Need may not adequately express the urgency that these hotbeds of public opinion catastrophes require from you.
And while we know timing is paramount to getting in front of a potential media driven crisis, some of these cases may be beyond even your crack team's expertise.
We'll help in a way that should make you proud.
This applies to a lot of situations keep quiet, hear all the allegations leveled at you, then speak only with an Olivia Pope, and a lawyer.
Don't add others to your original diatribe, for instance if you start out giving your widely researched history lesson on slavery in this country, and the positive effects it's had on all involved, don't add your humane thoughts on gays to the mix. It just clouds the importance of your first misguided ramblings.
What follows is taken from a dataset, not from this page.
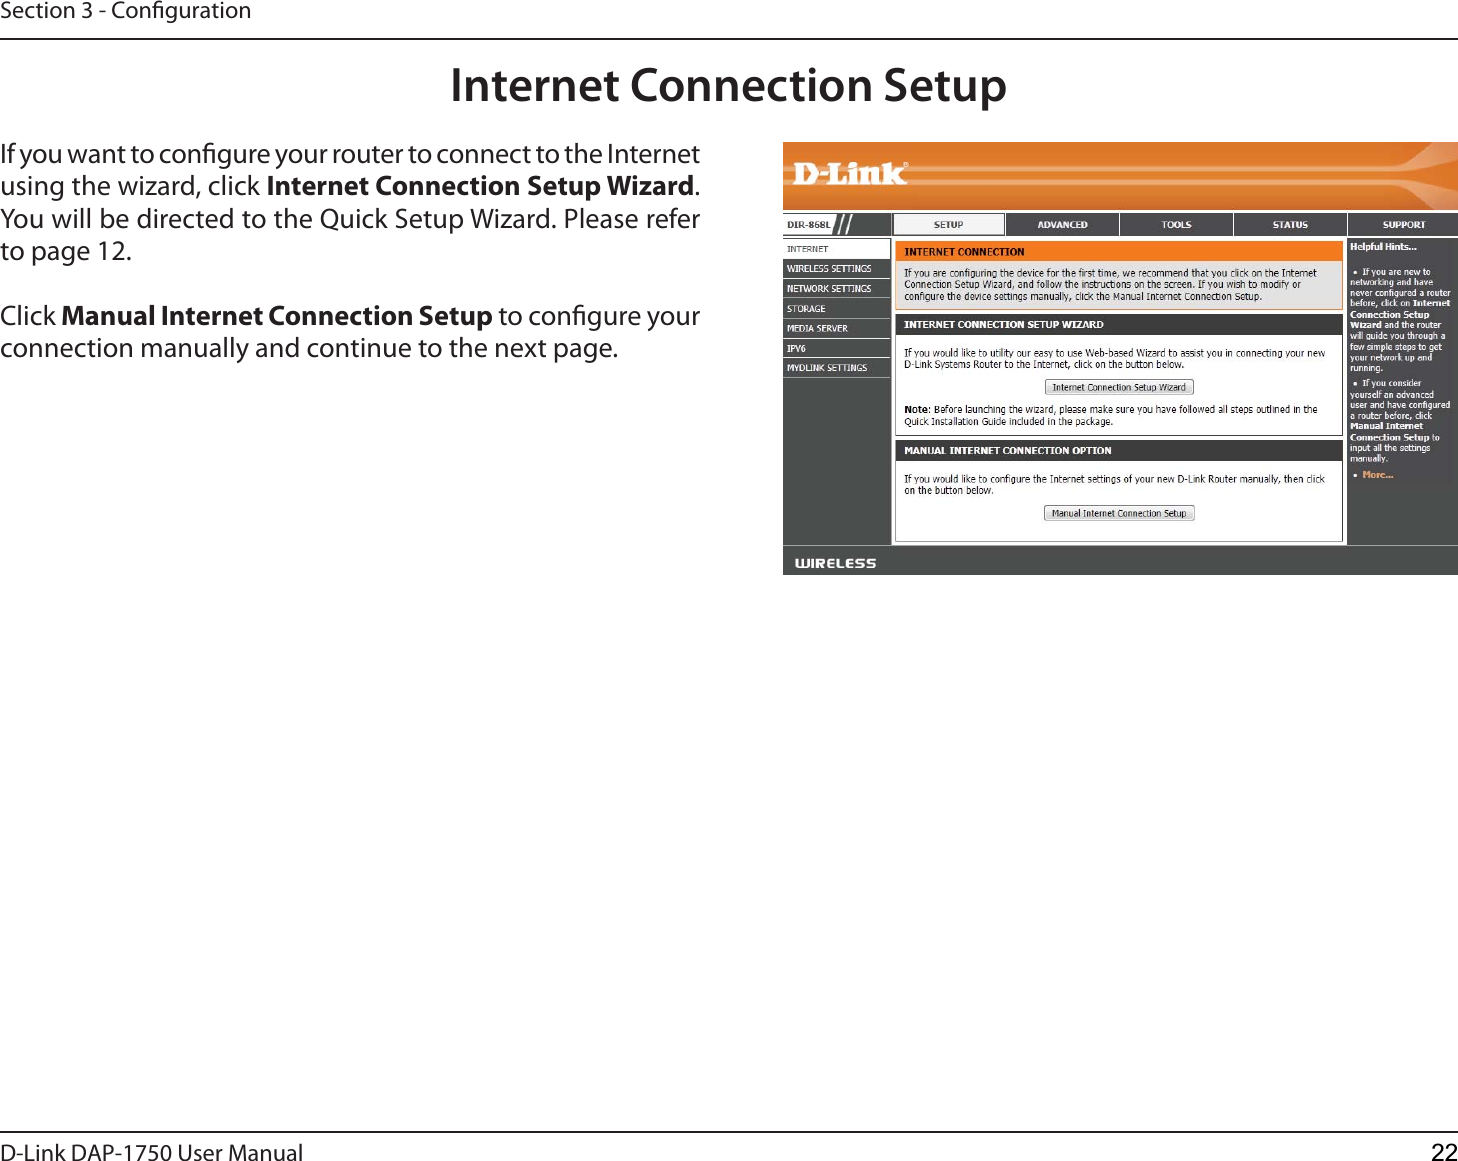 D-Link %&quot;1 User ManualSection 3 - CongurationInternet Connection SetupIf you want to congure your router to connect to the Internet using the wizard, click Internet Connection Setup Wizard. You will be directed to the Quick Setup Wizard. Please refer to page 12.Click Manual Internet Connection Setup to congure your connection manually and continue to the next page.22

If by some strange set of circumstances, the Federal Marshals come to your ranch, don't ward them off with your own militia of armed fellow ranchers. Well if you must, and cameras are thrust in your face, we know how annoying that can be, don't offer up your ideas on Blacks in America, while this is an important subject that has been pressing on your mind, save them for your meetings with your fellow non taxpayers.
Blacks don't have a dog in this fight.
And to all old millionaires, you have only one thing a young girl would want from you. So it doesn't matter the race of Any younger man she might encounter, you can't compete in that arena.
Newsflash she DOES NOT love you.
Never speak with Anderson, Barbara, or Oprah without your crisis handler /legal adviser with you.
You think you're savvy enough to just tell your story, after all you've practiced it enough, just don't do it.
And more free advice, Pope and Co. would charge a lot.
Never get a mistress who has nothing to lose if your armor develops kinks, and you lose your business. If the mistress/ archivist is 50 years younger than you, just slowly walk away.